* Source data:
######

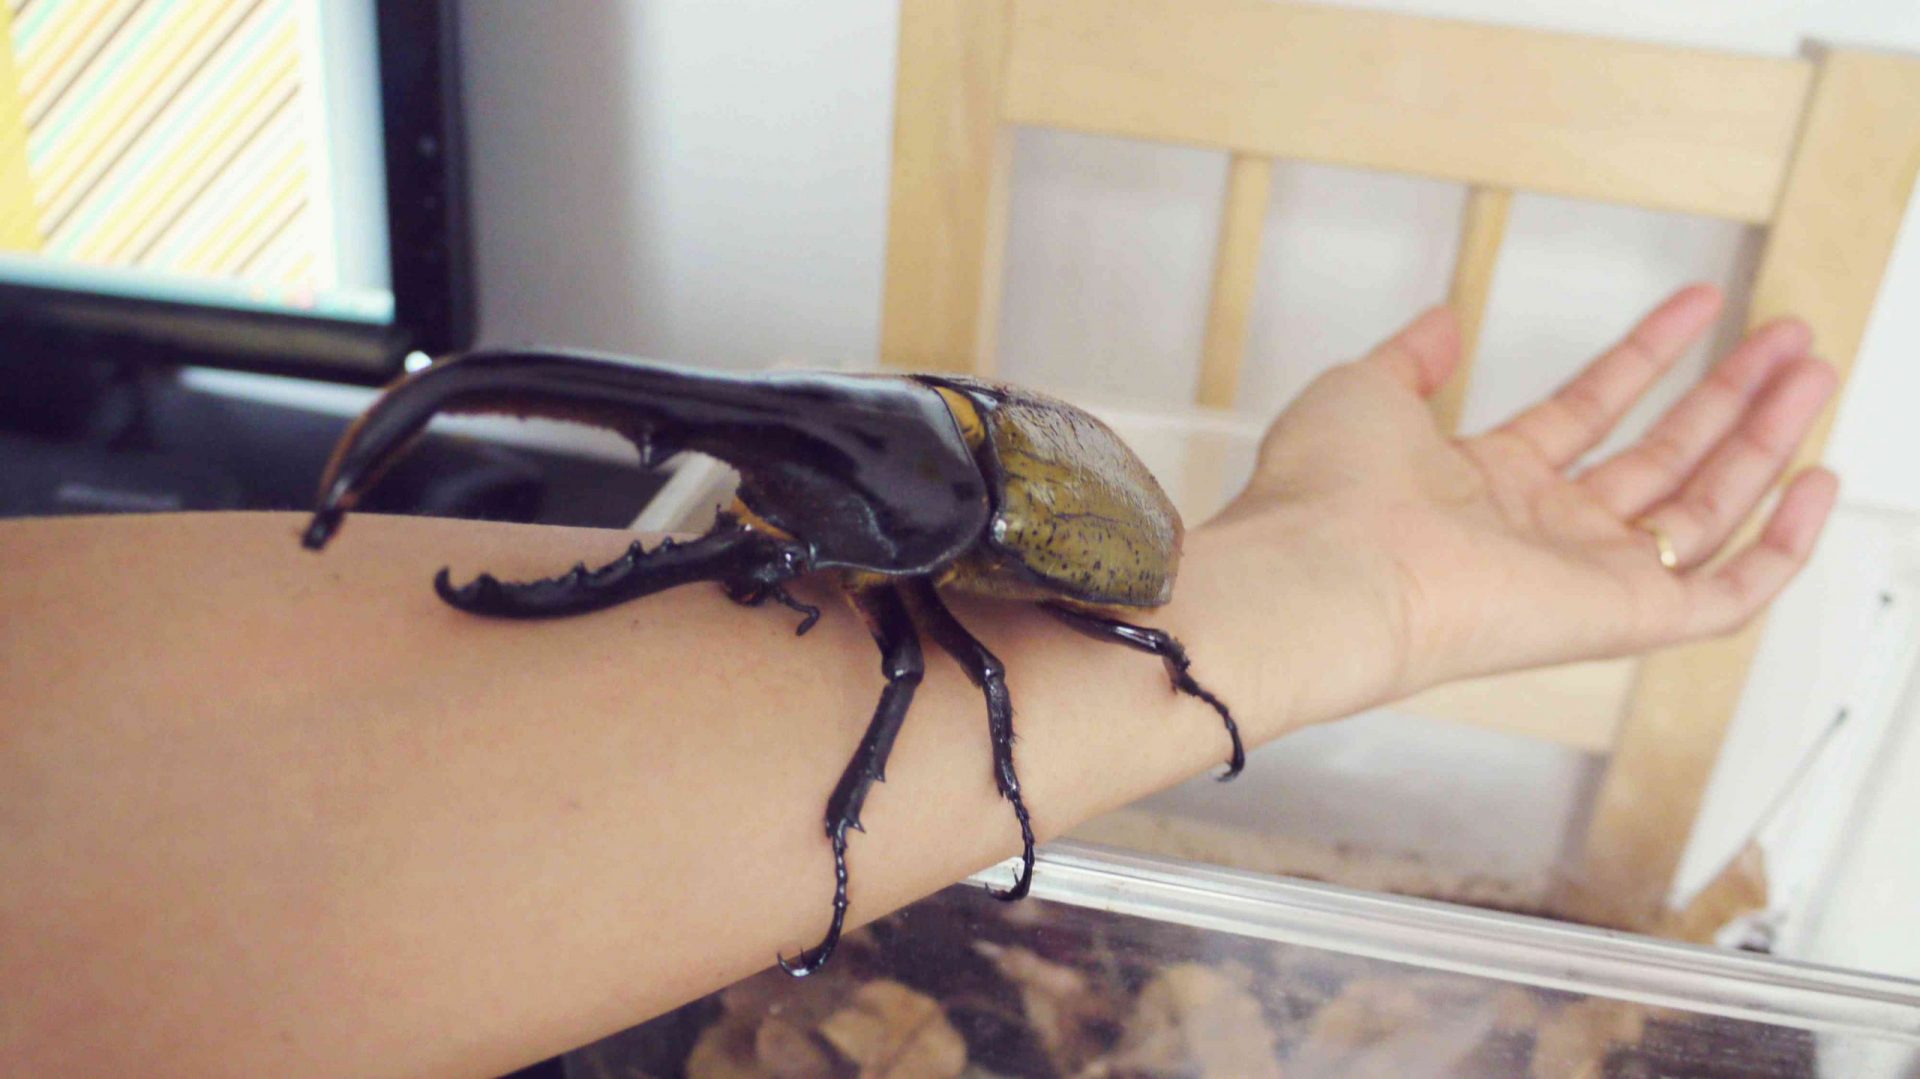 un escarabajo Hércules marrón y negro posado en el brazo de una persona
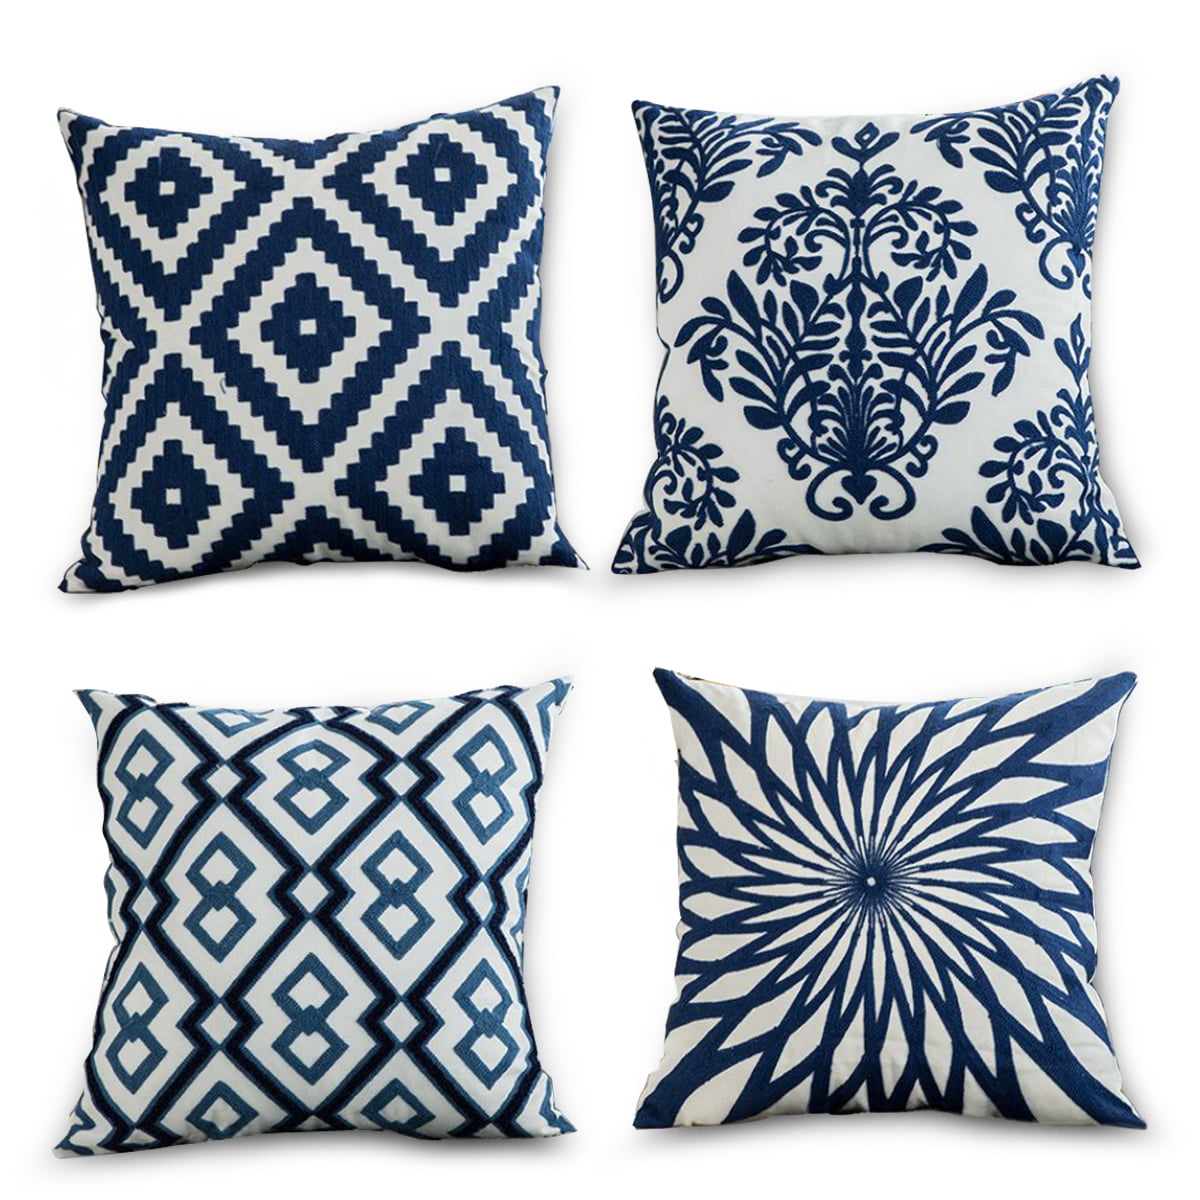 18" Blue Simple Pattern Pillow Cases Sofa Car Waist Throw Cushion Cover Decor 
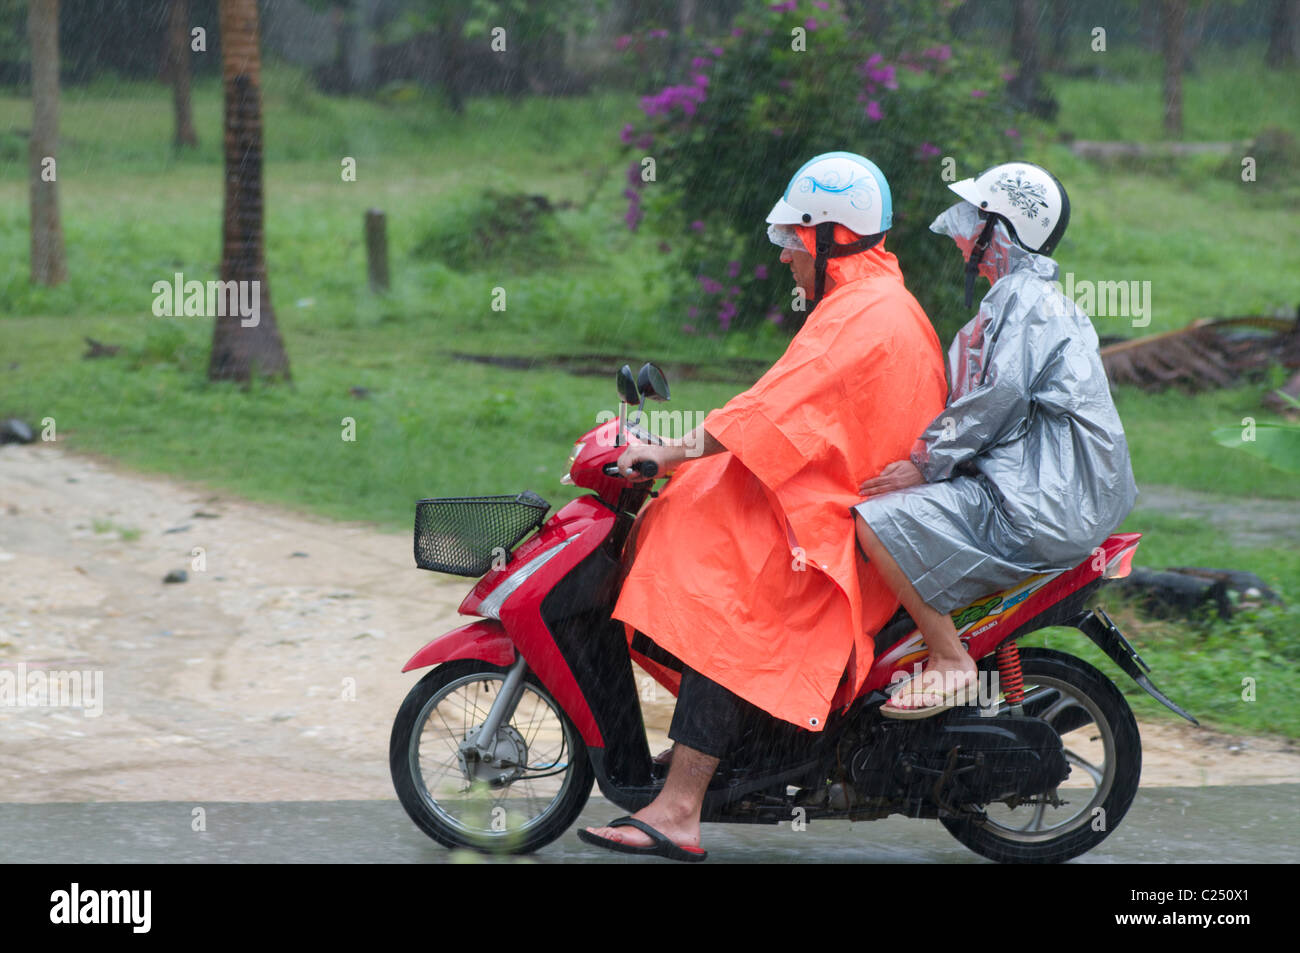 Touristen in Regenmäntel auf einem Motorrad Stockfoto
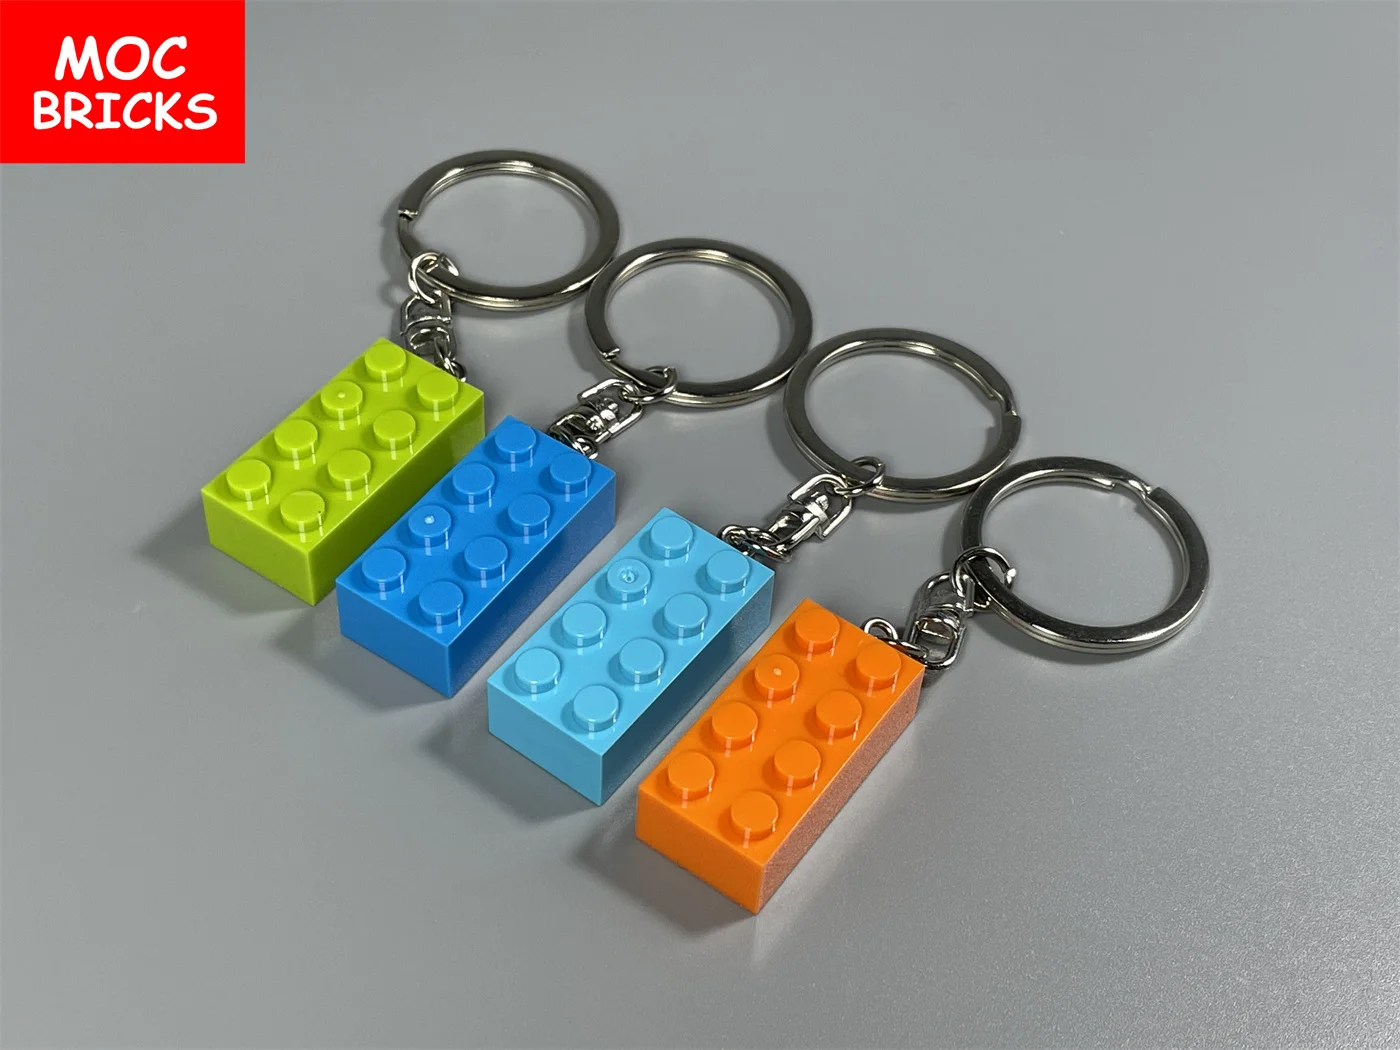 4шт MOC Bricks Красочный Брелок для ключей 2x4 3020 Развивающие Строительные Блоки, Аксессуары, Подарок на День рождения, Детские Игрушки Изображение 1

######

* Required action: Transcribe the listing in full. Omit the pictures and keep every line exact.

* Solved exercise:
 un escarabajo Hércules marrón y negro posado en el brazo de una persona
 18" Blue Simple Pattern Pillow Cases Sofa Car Waist Throw Cushion Cover Decor 
 Touristen in Regenmäntel auf einem Motorrad Stockfoto
 4шт MOC Bricks Красочный Брелок для ключей 2x4 3020 Развивающие Строительные Блоки, Аксессуары, Подарок на День рождения, Детские Игрушки Изображение 1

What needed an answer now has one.